I have spent a good portion of today and yesterday attempting to decide whether to utilize a loop or cursor in SQL or to figure out how to use set based logic to solve the problem. I am not new to set logic, but this problem seems to be particularly complex.
The Problem
The idea is that if I have a list of all transactions (10’s, 100’s of millions) and a date they occurred, I can start combining some of that data into a daily totals table so that it is more rapidly view able by reporting and analytic systems. The pseudocode for this is as such:
foreach( row in transactions_table ) if( row in totals_table already exists ) update totals_table, add my totals to the totals row else insert into totals_table with my row as the base values delete ( or archive ) row
As you can tell, the block of the loop is relatively trivial to implement, and as is the cursor/looping iteration. However, the execution time is quite slow and unwieldy and my question is: is there a non-iterative way to perform such a task, or is this one of the rare exceptions where I just have to “suck it up” and use a cursor?

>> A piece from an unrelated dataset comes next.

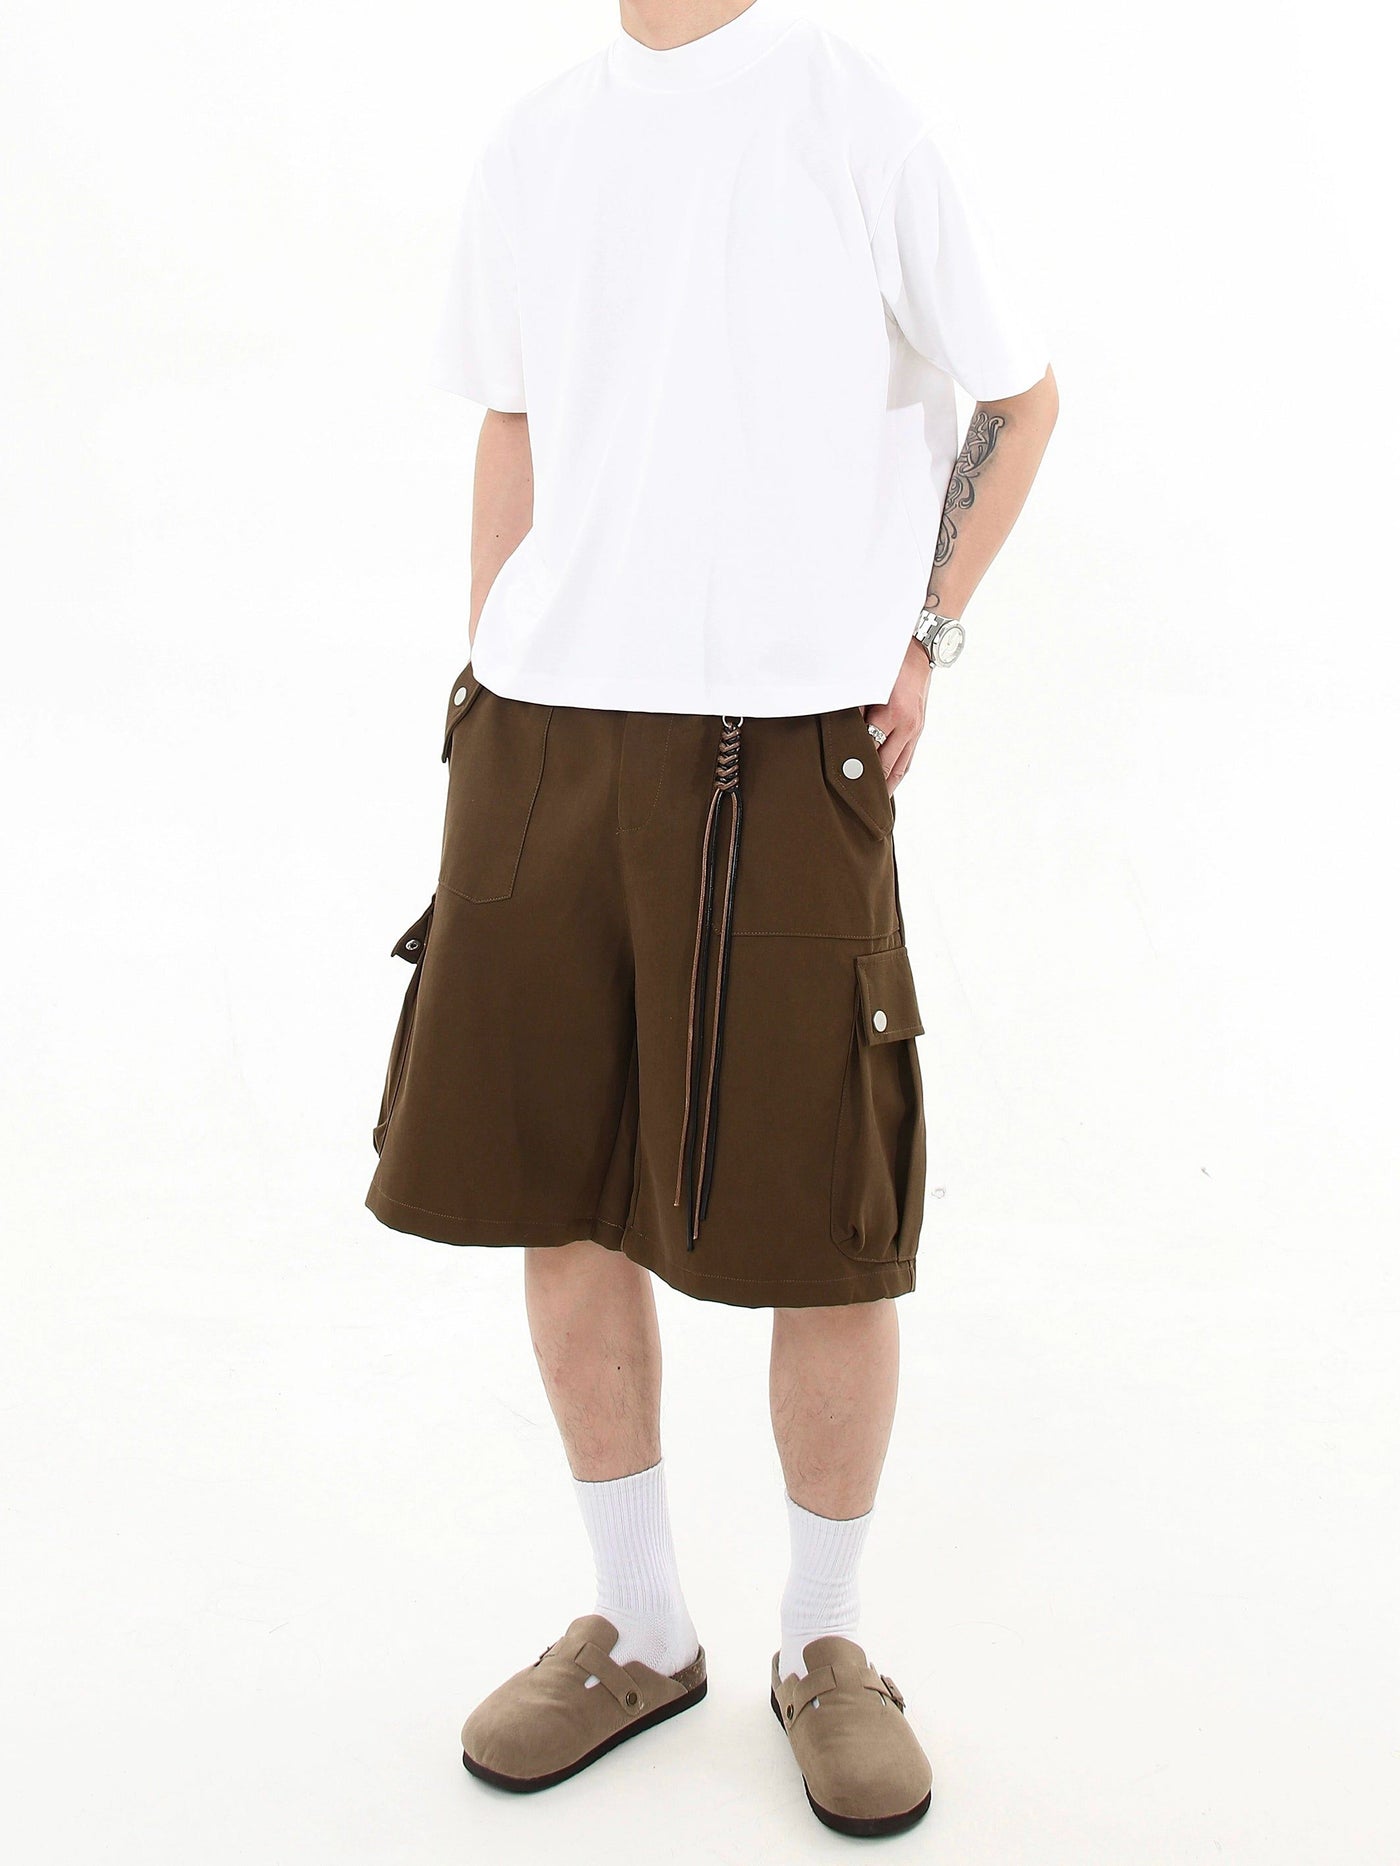 Larnyard Oversized Pocket Cargo Shorts Korean Street Fashion Shorts By Blacklists Shop Online at OH Vault
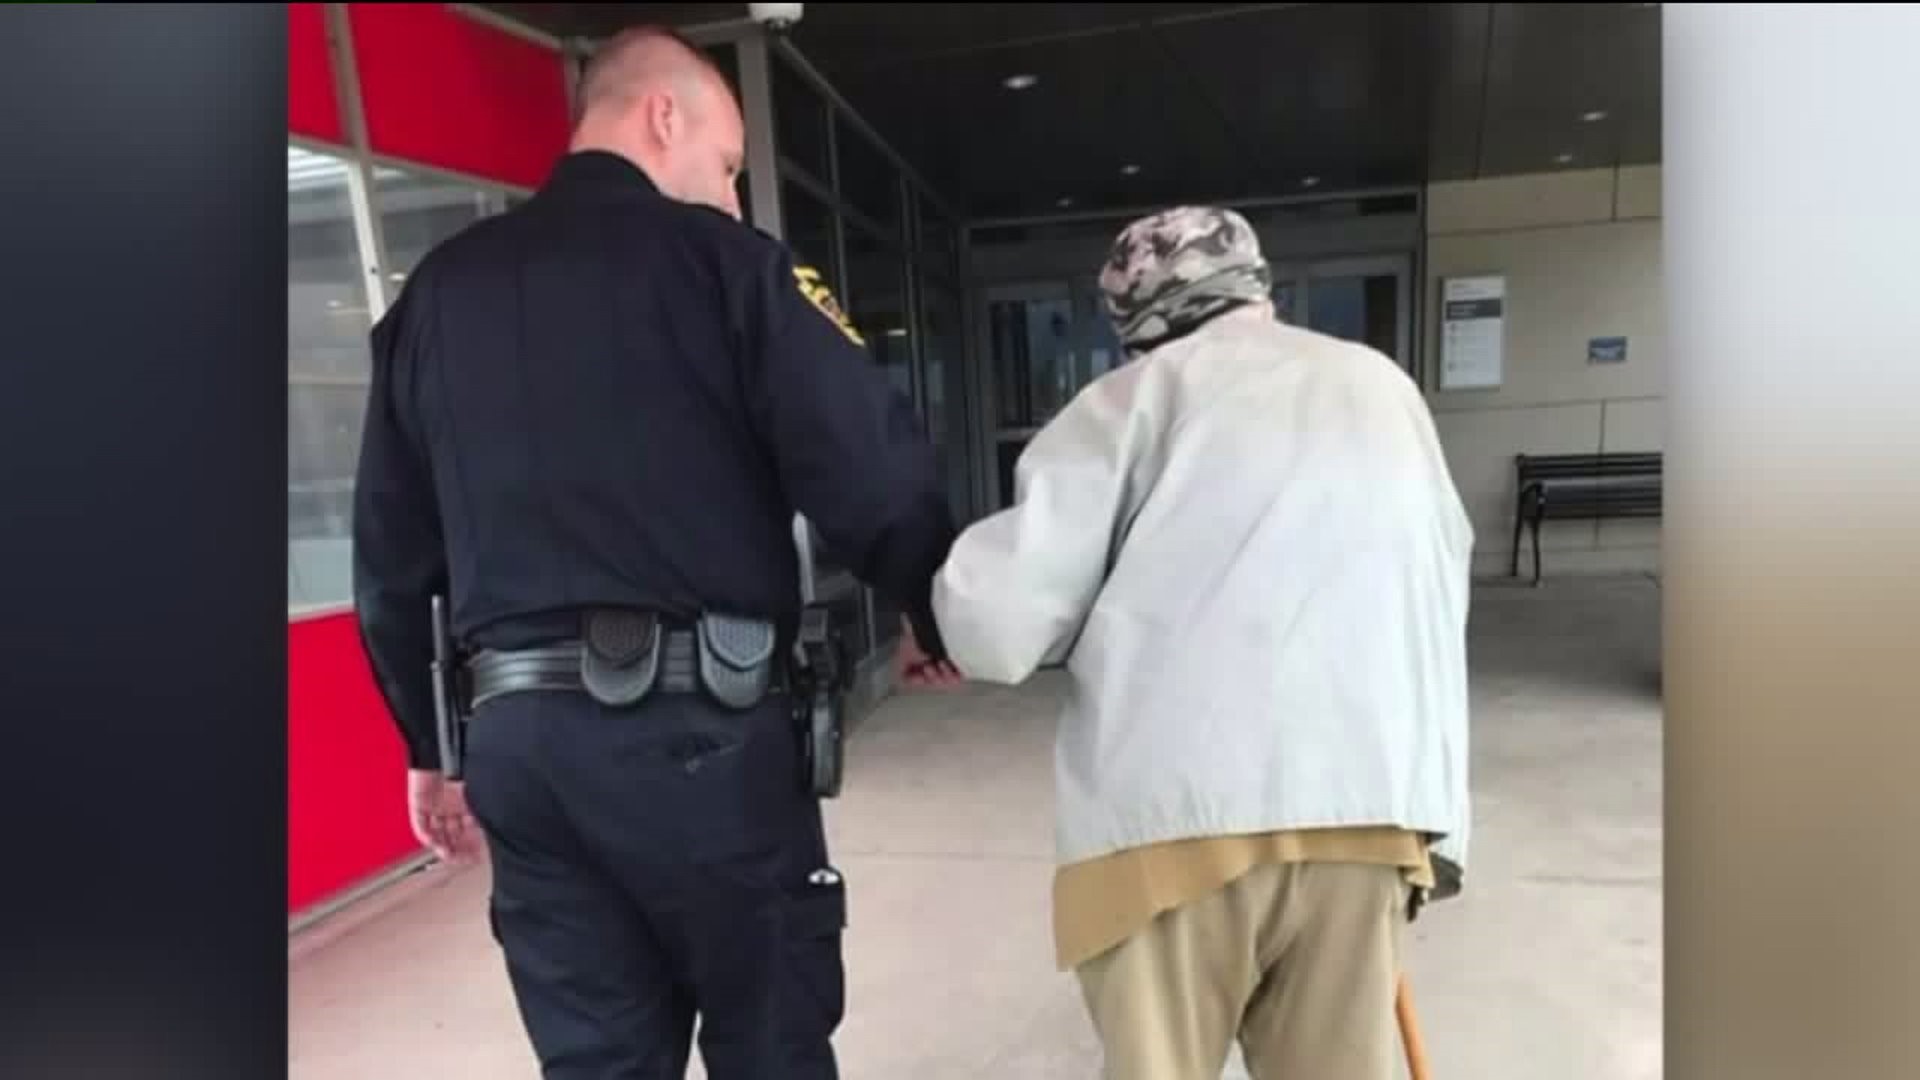 Officer`s Kindness Caught on Camera

There have been a few discussions on the topic, some of which seem to be similar, but not usable due to the if/else statement and the operations on another table, for instance:
How to merge rows of SQL data on column-based logic? This question doesn’t seem to be applicable because it simply returns a view of all sums, and doesn’t actually make logical decisions about additions or updates to another table
SQL Looping seems to have a few ideas about selection with a couple of cases statements which seems possible, but there are two operations that I need done dependent upon the status of another table, so this solution does not seem to fit.
SQL Call Stored Procedure for each Row without using a cursor This solution seems to be the closest to what I need to do, in that it can handle arbitrary numbers of operations on each row, but there doesn’t seem to be a consensus among that group.
Any advice how to tackle this frustrating problem?
Notes
I am using SQL Server 2008
The schema setup is as follows:
Totals: (id int pk, totals_date date, store_id int fk, machine_id int fk, total_in, total_out)
Transactions: (transaction_id int pk, transaction_date datetime, store_id int fk, machine_id int fk, transaction_type (IN or OUT), transaction_amount decimal)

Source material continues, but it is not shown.